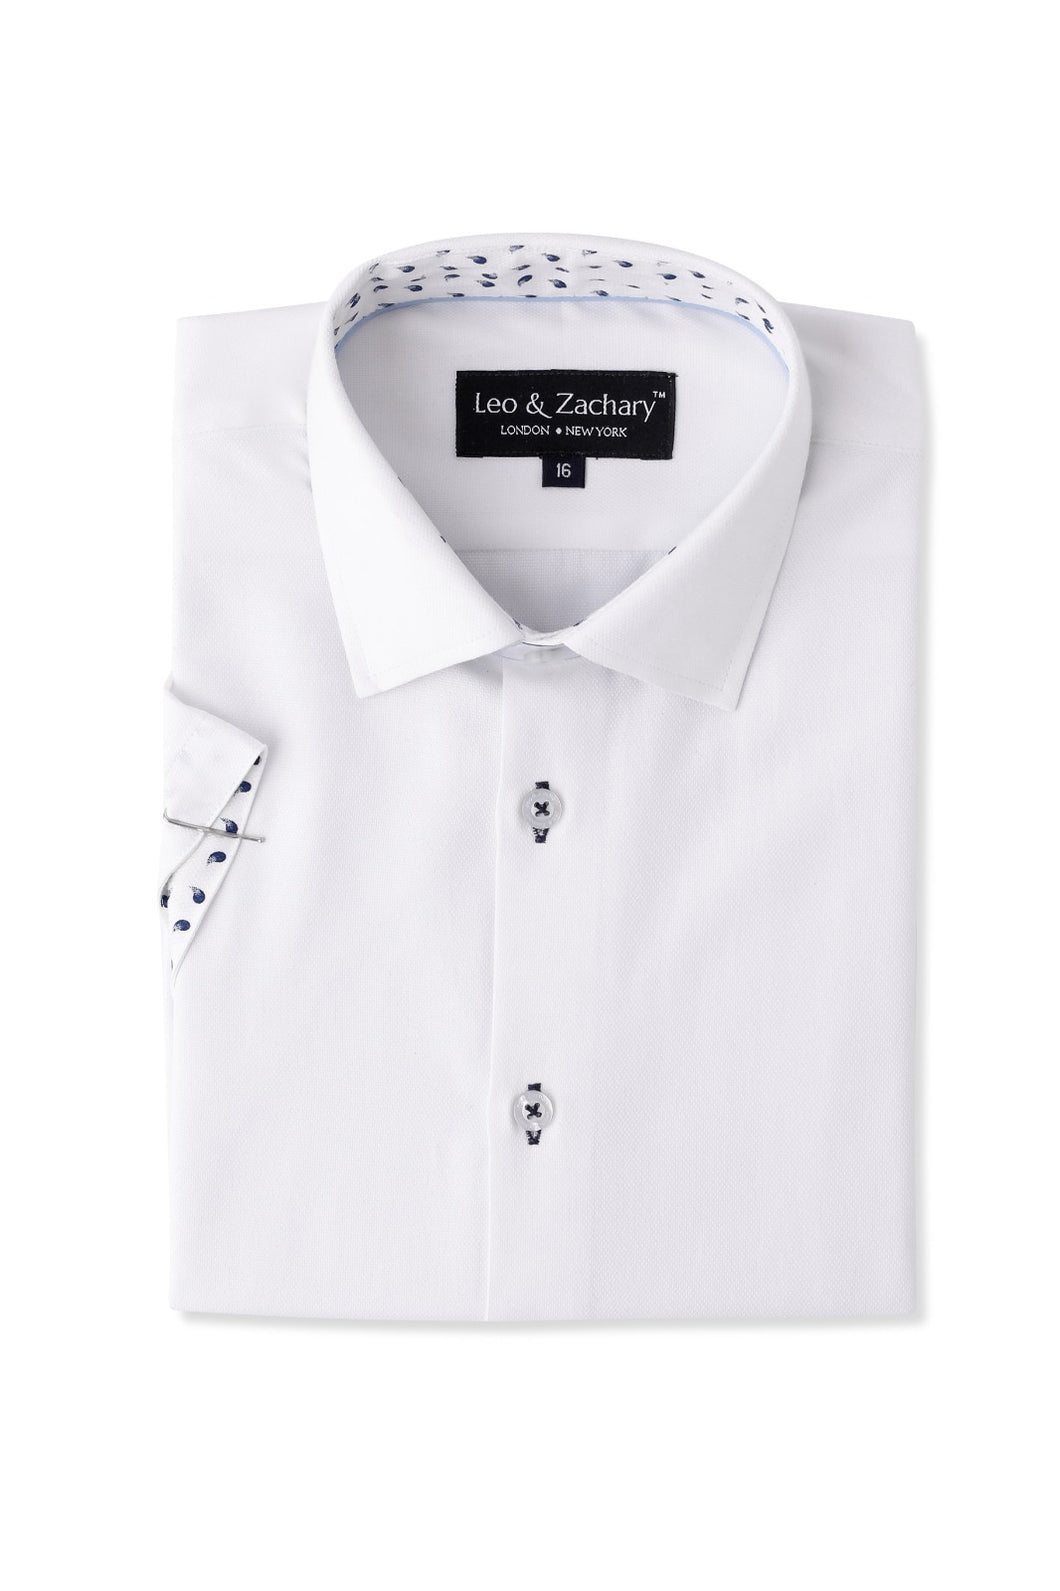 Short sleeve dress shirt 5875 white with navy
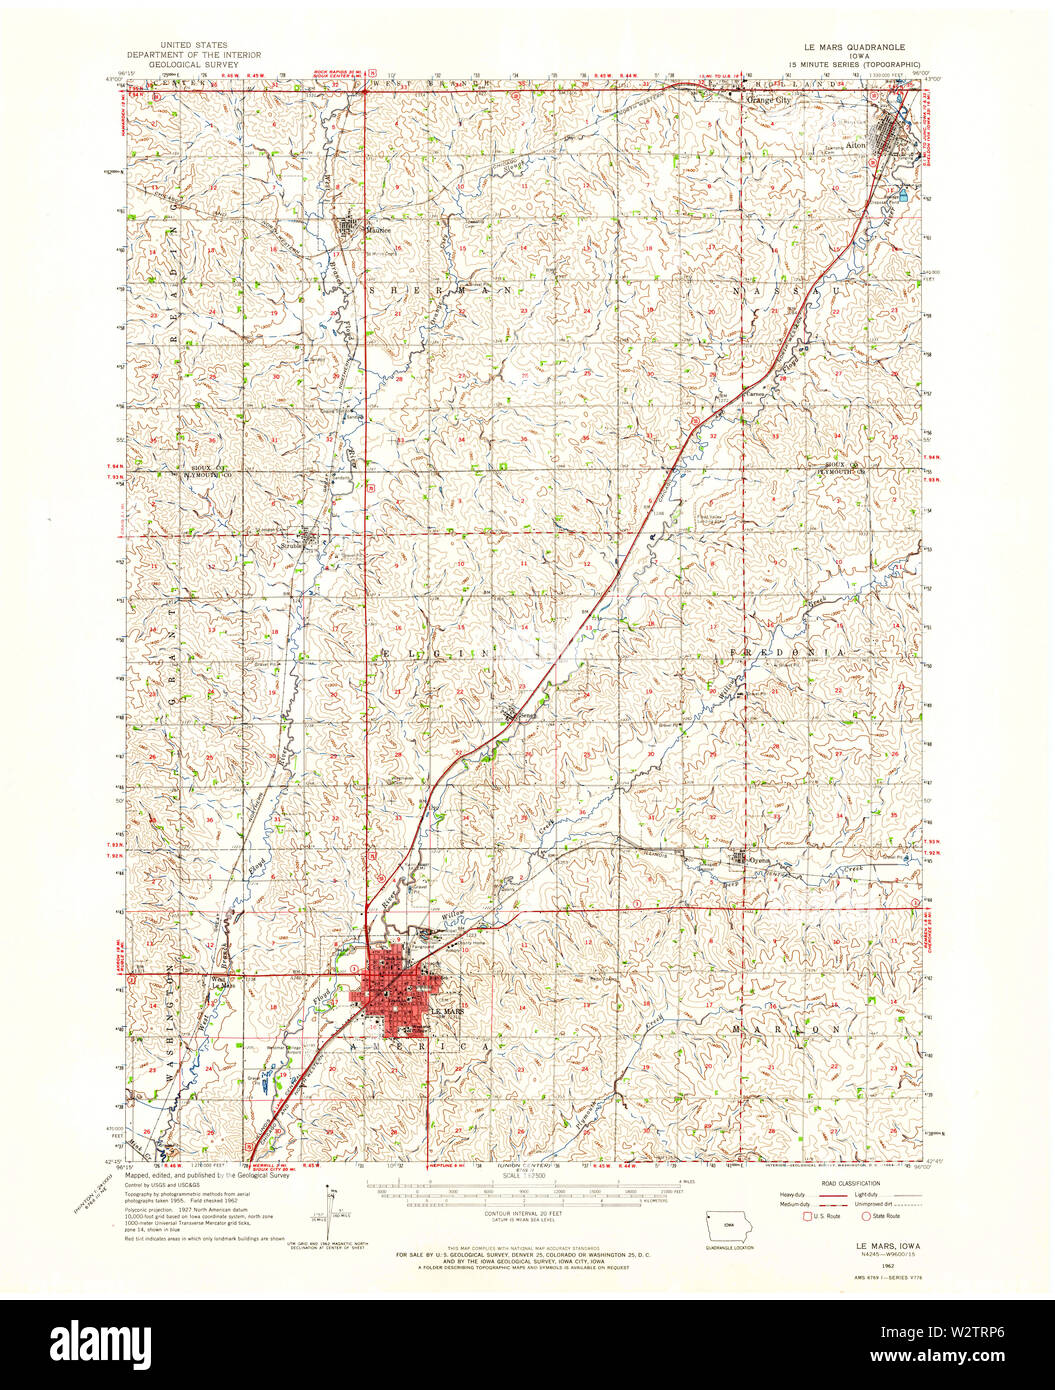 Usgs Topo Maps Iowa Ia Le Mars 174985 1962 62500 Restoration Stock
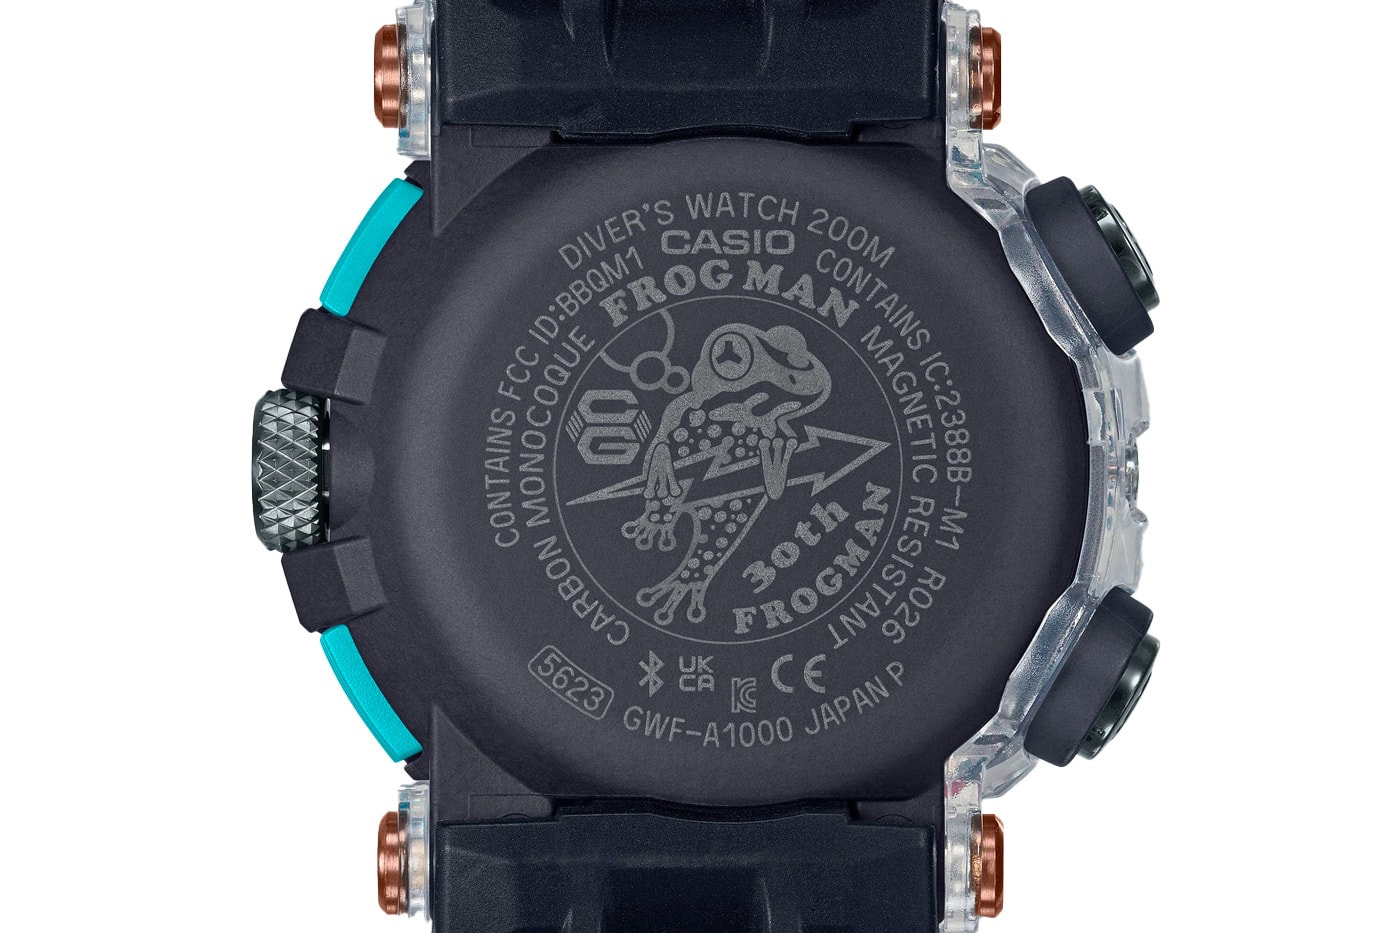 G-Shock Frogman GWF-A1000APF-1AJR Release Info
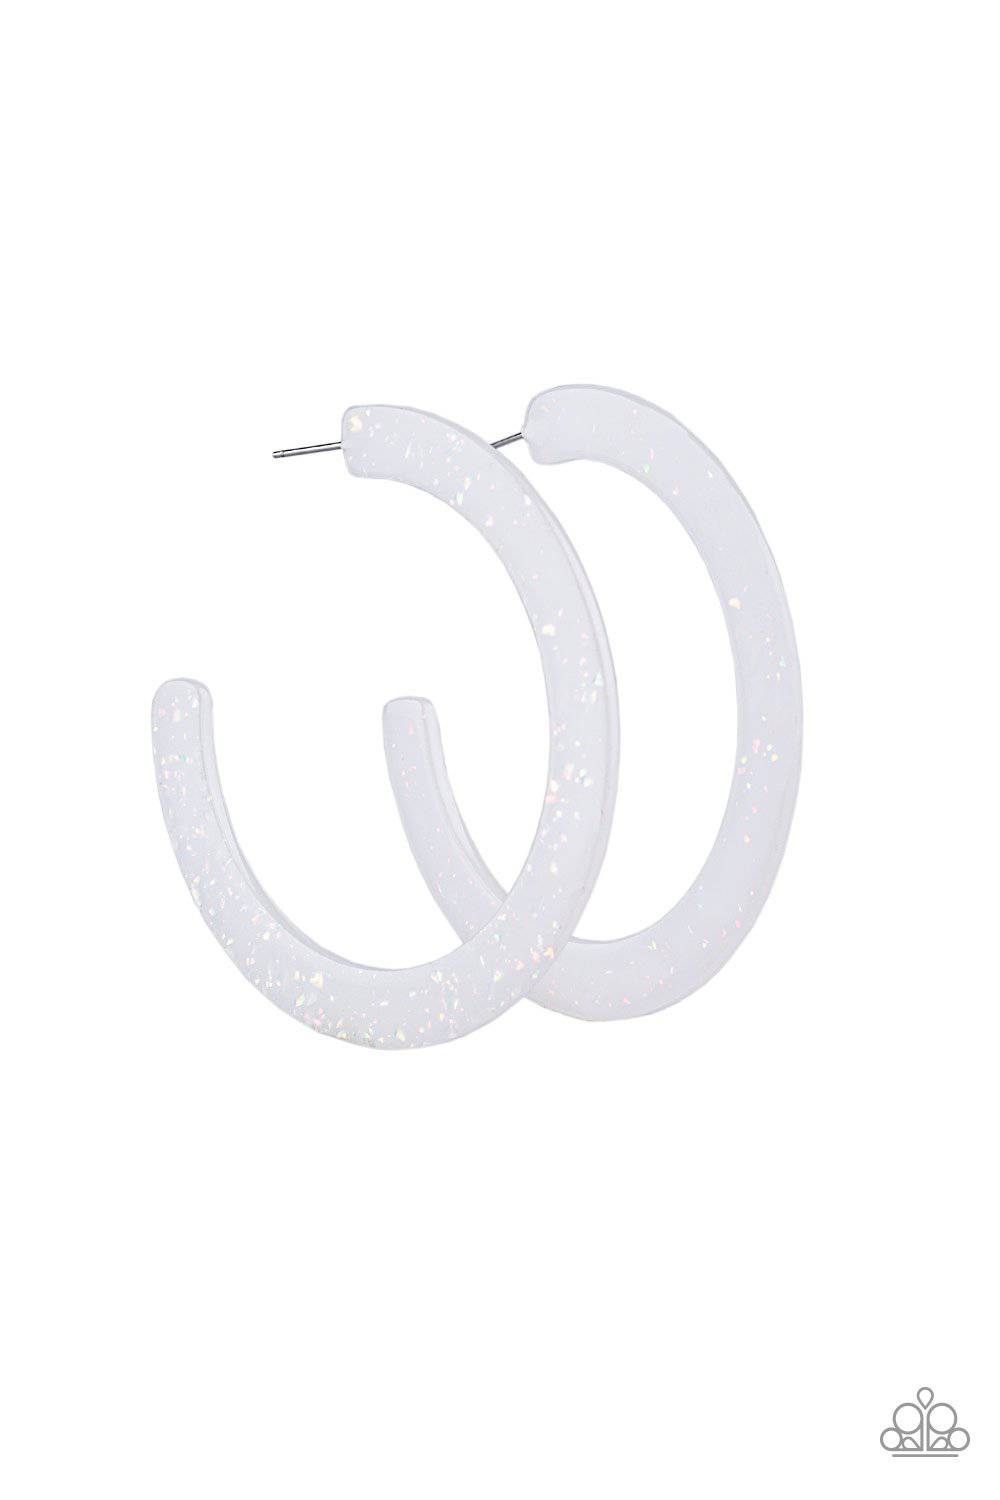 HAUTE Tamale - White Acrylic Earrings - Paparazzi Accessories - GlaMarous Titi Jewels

.....

Strip the images and return the remaining data exactly.

 Short sleeve dress shirt 5875 white with navy
 Usgs Topo Maps Iowa Ia Le Mars 174985 1962 62500 Restoration Stock
 G-Shock Frogman GWF-A1000APF-1AJR Release Info
 HAUTE Tamale - White Acrylic Earrings - Paparazzi Accessories - GlaMarous Titi Jewels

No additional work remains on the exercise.